The hybrid approach: render-once with lazy per-user elements

For partials that need both shared content and per-user elements, there is a middle path.

Render shared content once, load per-user actions lazily

class Message < ApplicationRecord
  after_create_commit :broadcast_to_room

  private

  def broadcast_to_room
    message = Message
      .includes(:user, :room, :reactions, user: :team)
      .find(id)

    # Render the "public" part once — the content everyone sees
    shared_html = ApplicationController.render(
      partial: "messages/message_body",
      locals: { message: message }
    )

    # Broadcast the shared HTML to all subscribers
    Turbo::StreamsChannel.broadcast_append_to(
      room,
      target: "messages",
      html: shared_html
    )

    # Per-user elements (edit button, delete button, moderation tools)
    # are loaded client-side via a Turbo Frame that checks permissions:
    #
    #   <turbo-frame id="message_actions_<%= message.id %>"
    #                src="/messages/<%= message.id %>/actions"
    #                loading="lazy">
    #   </turbo-frame>
    #
    # The frame src hits a controller that checks current_user permissions
    # and returns the appropriate action buttons — or nothing.
    # One broadcast.
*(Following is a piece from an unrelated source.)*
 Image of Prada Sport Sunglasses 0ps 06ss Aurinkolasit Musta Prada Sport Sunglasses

One render. Per-user actions load on demand.
  end
end

Render the content that is identical for all subscribers once. Broadcast it. Then use a lazy-loaded Turbo Frame for the per-user elements. Each client requests its own action buttons through a standard HTTP request, which hits the controller, checks current_user, and returns the appropriate controls.
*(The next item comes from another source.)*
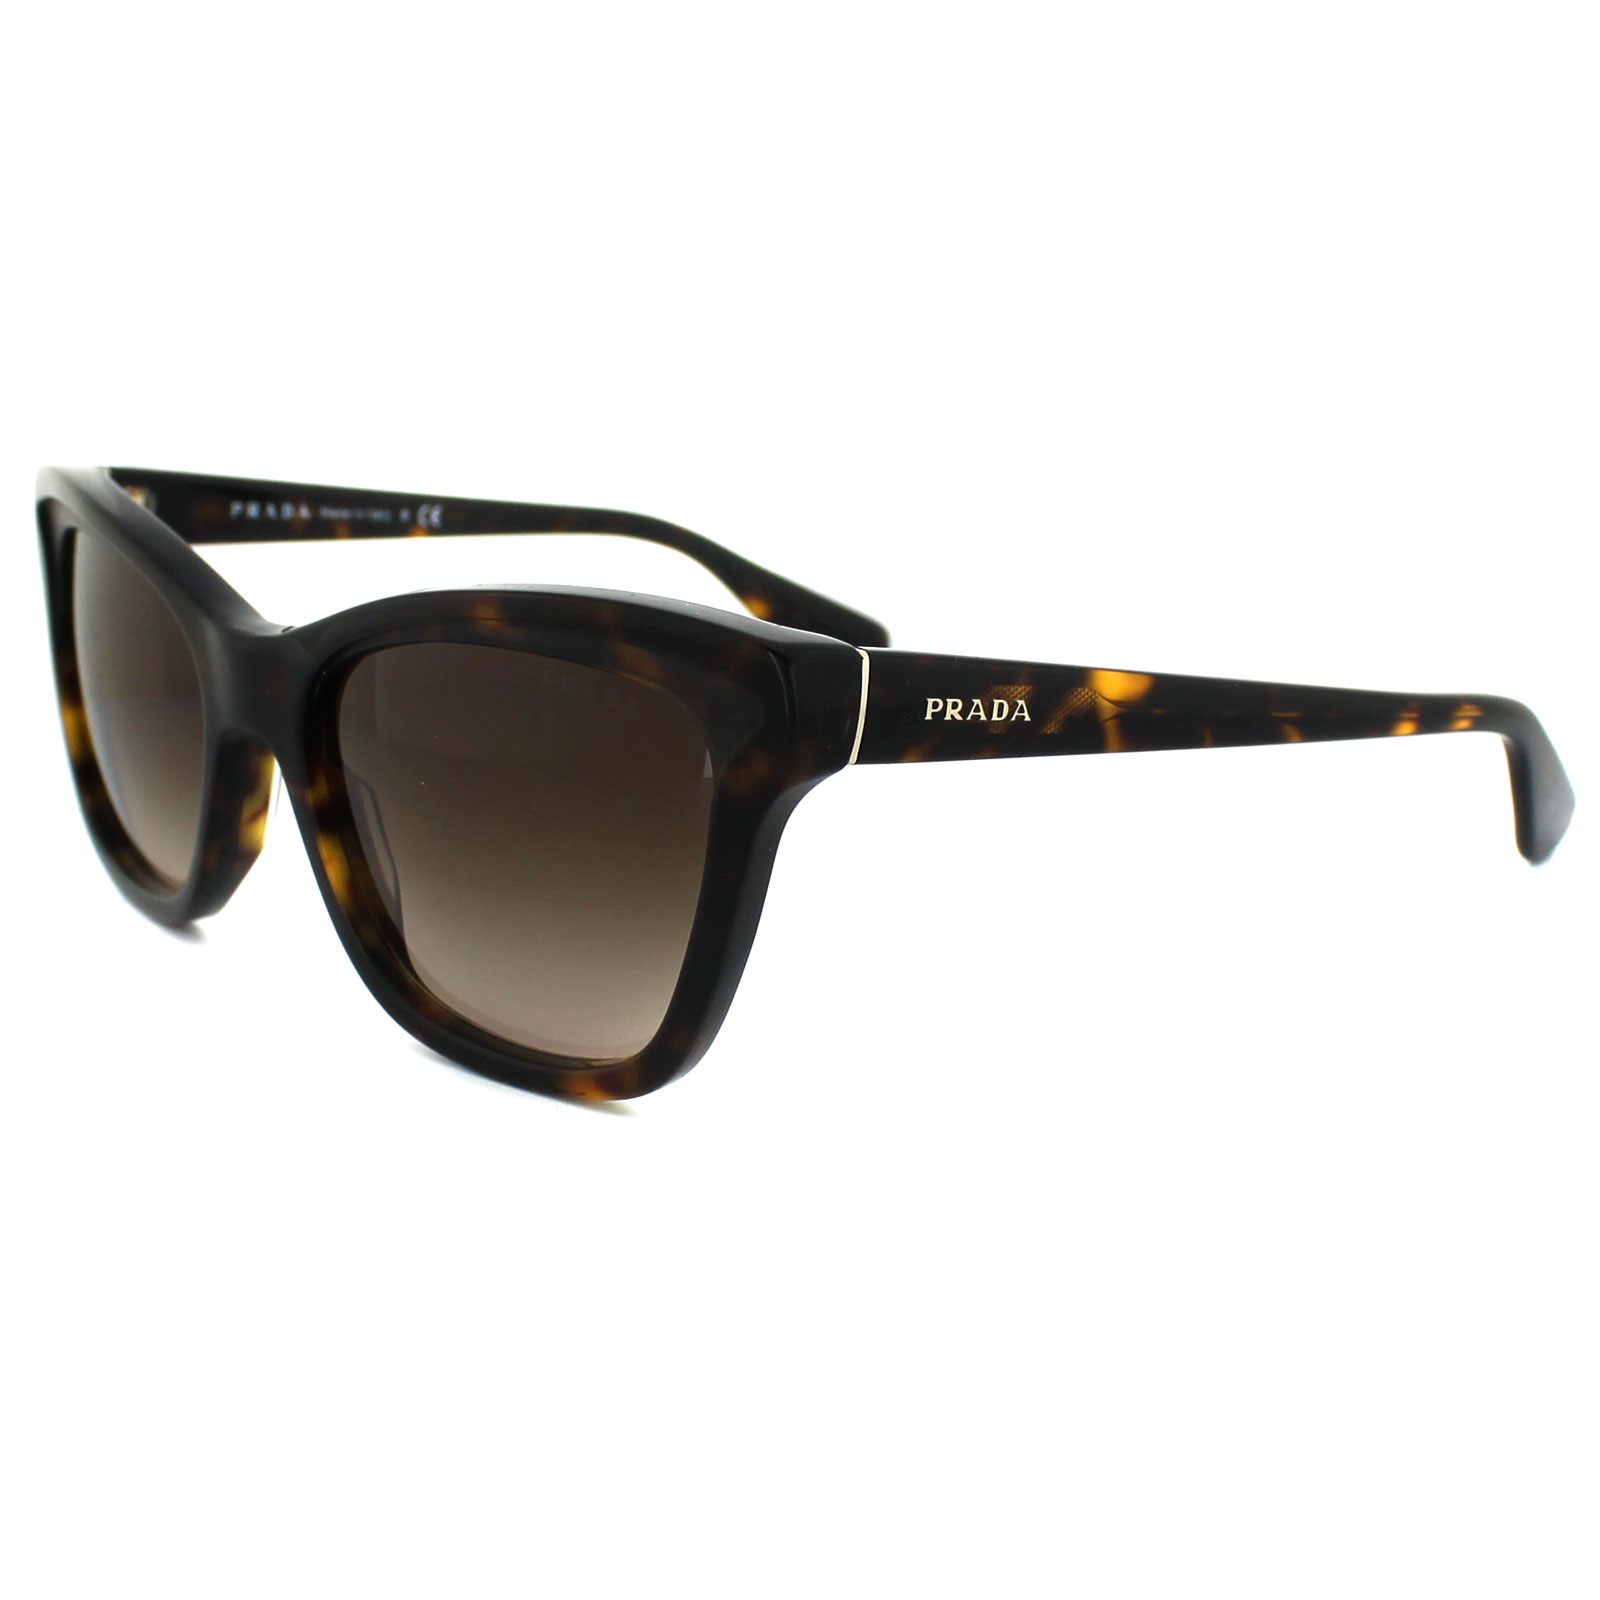 prada sunglasses 16ps 2au6s1 havana brown gradient 679420883779 ebay. Black Bedroom Furniture Sets. Home Design Ideas

The database cost: 6 queries for the shared render, plus 1 query per subscriber for the permissions check. That is 106 queries for 100 subscribers instead of 600. Not as clean as pure render-once, but a substantial reduction — and the per-user elements are correctly scoped.

Debounced broadcasts

In high-velocity channels where messages arrive in rapid bursts — active chat rooms, CI notification feeds, trading floors — debouncing collapses multiple broadcasts into one.

Debounced broadcast with SolidQueue

class Message < ApplicationRecord
  belongs_to :room
  belongs_to :user

  after_create_commit :schedule_broadcast

  private

  def schedule_broadcast
    # Debounce: wait 100ms, then broadcast all new messages at once
    BroadcastMessagesJob.set(wait: 0.1.seconds).perform_later(room_id)
  end
end

class BroadcastMessagesJob < ApplicationJob
  # Deduplicate — if 5 messages arrive in 100ms,
  # only one job actually runs
  self.queue_adapter = :solid_queue
  limits_concurrency to: 1, key: ->(room_id) { "broadcast_room_#{room_id}" }

  def perform(room_id)
    room = Room.find(room_id)
    recent = room.messages
      .includes(:user, :reactions, user: :team)
      .where("created_at > ?", 1.second.ago)
      .order(:created_at)

    html = ApplicationController.render(
      partial: "messages/message_batch",
      locals: { messages: recent }
    )

    Turbo::StreamsChannel.broadcast_append_to(
      room,
      target: "messages",
      html: html
    )
  end
end

# 5 messages in rapid succession:
# Without debouncing: 5 broadcasts x 100 viewers x 6 queries = 3,000 queries
# With debouncing:    1 broadcast  x 1 render    x 8 queries = 8 queries

Five messages in 100ms become one batch broadcast instead of five separate renders. Combined with render-once, this takes you from 3,000 queries (5 messages, 100 viewers, 6 queries each) down to roughly 8.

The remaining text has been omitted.